Walmart spokeswoman Molly Blakeman said Walmart Pay is being rolled out in select stores in northwest Arkansas and will reach all 4,600 U.S. stores by mid-year.
Blakeman, also said that Walmart still will remain in the MCX consortium of retailers and is piloting a CurrentC QR payment app in Columbus, Ohio. "CurrentC can be complementary to Walmart Pay," she said.
She also said Walmart is in discussions to integrate other mobile payment services with Walmart Pay. "You might see Chase Pay," she said, as an example.
Gillespie gave MCX, formed in 2012, only a 50-50 chance of ultimate success, partly because it has been so slow to roll out a mobile payment product. "Time-to-market has been excruciatingly slow, and MCX has to be careful or they'll lose relevance," she said.
Analysts said Walmart may have moved ahead with Walmart Pay because it couldn't wait any longer for CurrentC to hit the market.

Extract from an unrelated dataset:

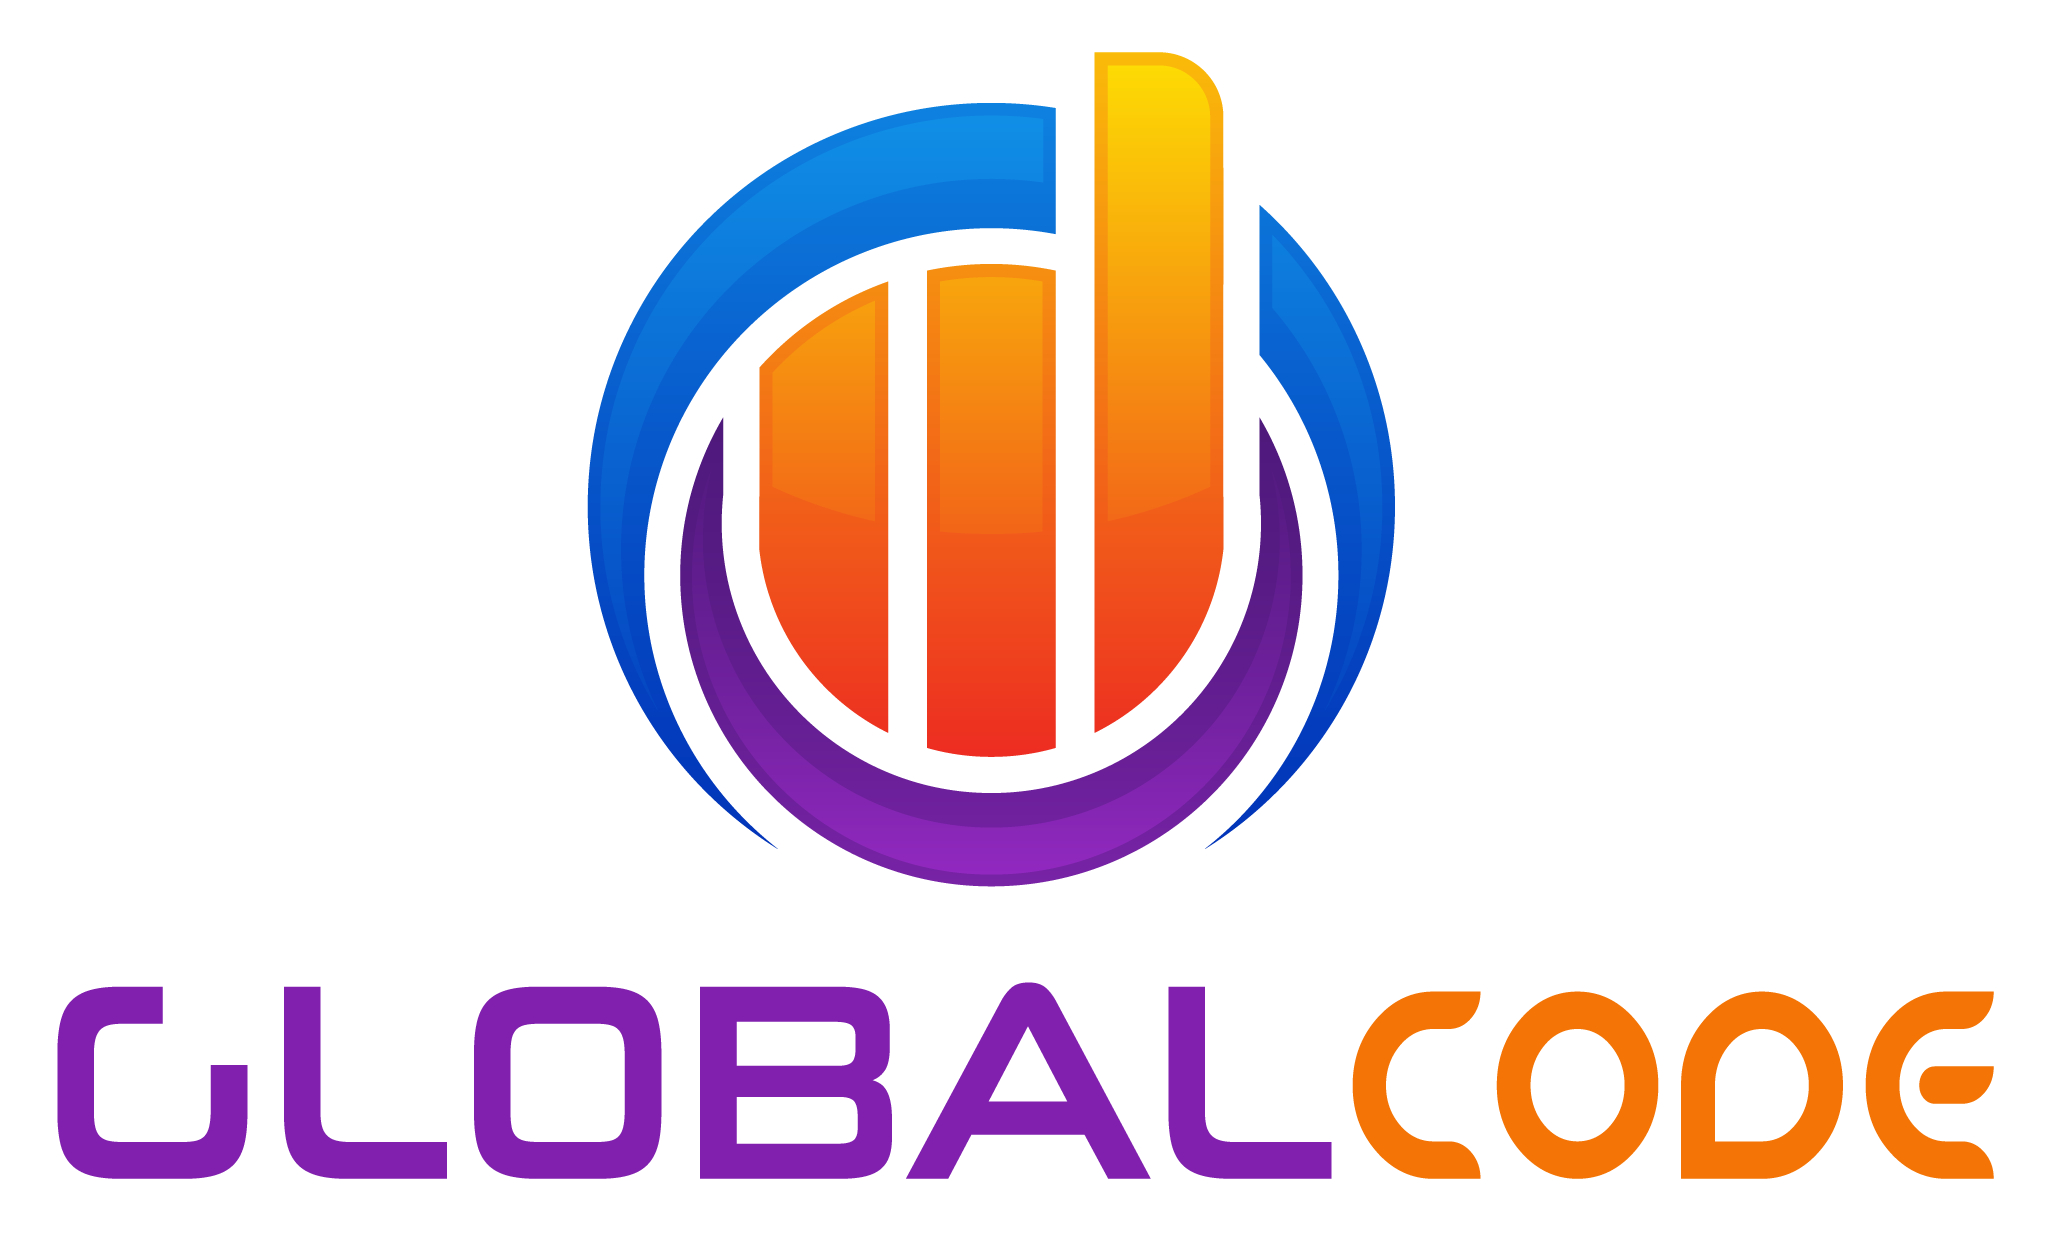 globalcode_logo_.jpg

"This is a critical time for mobile payments, and the window of opportunity for retailers to shape consumer behavior is limited," McKee said. "Walmart and others understand that dragging their feet means potentially missing the boat. Retailers are making a concerted push to develop mobile strategies that build out their relationship with the customer."
As for Walmart's reliance on QR codes instead of NFC, McKee said Apple was partly to blame because it blocks direct developer access to the NFC technology on its iOS devices. Developers must rely on the Apple Pay app to leverage use of the NFC on an iPhone, while developers with Android phones can freely build NFC-based apps.
"NFC alternatives such as QR codes will be mainstay in payments so long as Apple continues to block access to the NFC stack on iOS devices," McKee said.